Martin Short, left, in conversation with Lorne Michaels at the Hollywood… (Chyna Photography )
Lorne Michaels may soon assume responsibilities as executive producer of "The Tonight Show" when Jimmy Fallon takes over as host next year, but don't expect him to abandon his baby just yet.
Michaels addressed the question floating around Hollywood at a Comedy On TV luncheon hosted by the Hollywood Radio and Television Society on Tuesday in Beverly Hills.
"As long as it's relevant, it should be on," Michaels said about the future of "Saturday Night Live." "I'll do it as long as I possibly can. I think that there will be a day when I'll look at it and say I don't have the edge I used to."
NBC's late-night kingpin, despite fervent interest behind the late-night shakeup, spoke little of his "SNL" pupil-turned-"Tonight Show" heir during his appearance — which was essentially a glamorized conversation with friend and former "SNL" regular Martin Short. The little attention Michaels did give the news focused on the decision to move "The Tonight Show" back to New York.
"Jimmy's from New York, the show appeals to New York," he said of "The Tonight Show," which has operated out of Burbank for more than four decades. "I think New York is different from when Carson left."
And, hey, is he really the czar of late night, Short asked? "It worked out that way," Michaels quipped. Indeed, Michaels will have a monopoly on the network's 11:30 slot-- except Sundays, at least, for now! And he was rumored to have even more hours under his belt, with talk that Alec Baldwin would also get in the late-night game under Michaels' rule — an idea that was quickly shot down by NBC.
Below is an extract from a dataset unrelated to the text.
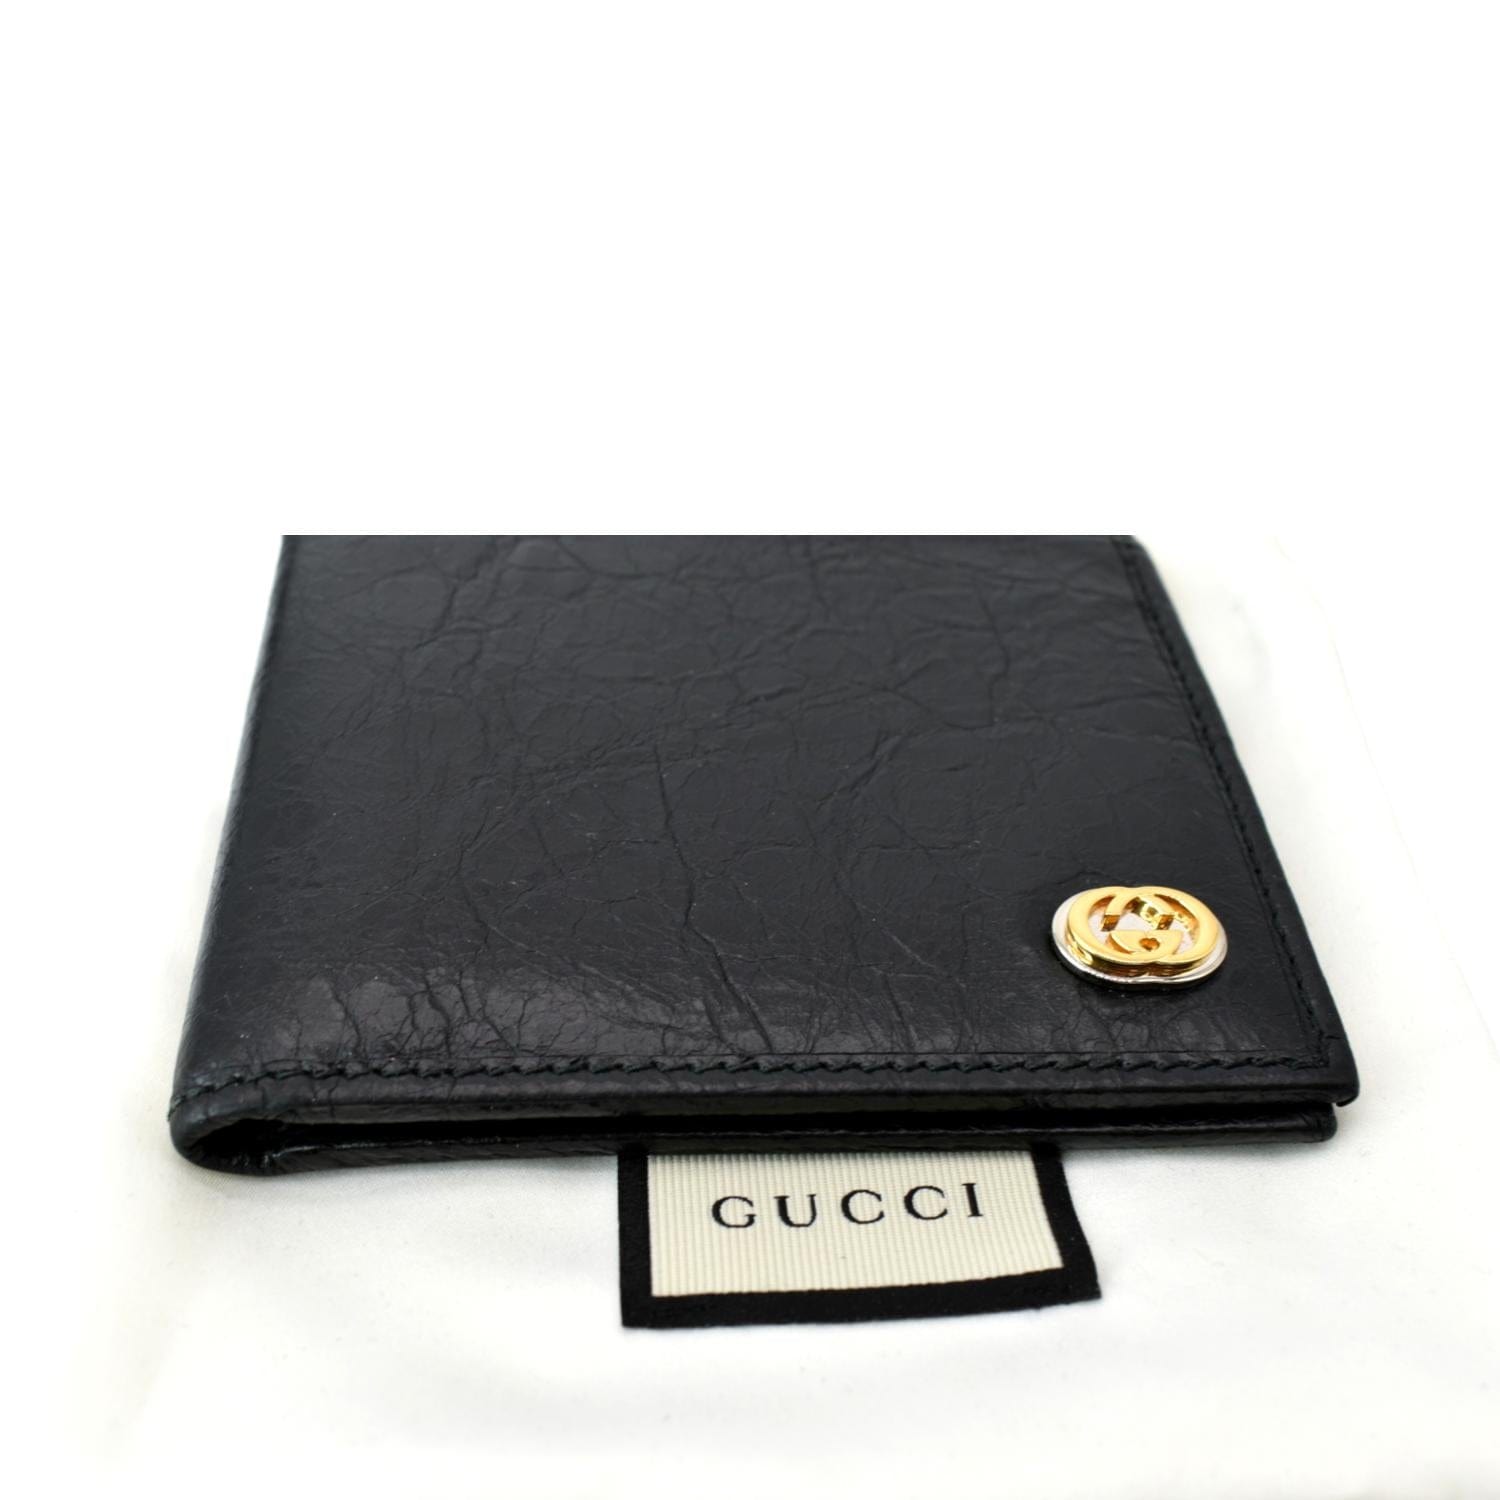  Distinctive Goods DG Monogram Black Full-Grain Leather Checkbook  Wallet Bifold - Slick Leather Wallet Idea for Travel and Keeping Organized  on The Go : Office Products

The event, though, began with a somber and poignant discussion on "SNL" and its handling of tragedies that shake America, with Short referring to how the late-night sketch show addressed the Newtown shootings — though the topic took on a more timely sentiment given the recent events in Boston. In the case of Newtown, "SNL" paid tribute to those killed during the shootout at Sandy Hook Elementary with the New York City Children's Chorus singing “Silent Night.”
"I think that what happens is, when you're doing live (television), you know that everyone knows that you're there, you can say something," he said. "Broadcast has an obligation and a responsibility to be present, to be connected to what is going on. And that is, you can't divide everything into news and entertainment. When something that big happens, you have to address it."
No word on whether the show has plans to address the Boston bombings, according to the network; the show is in reruns for the next two weeks.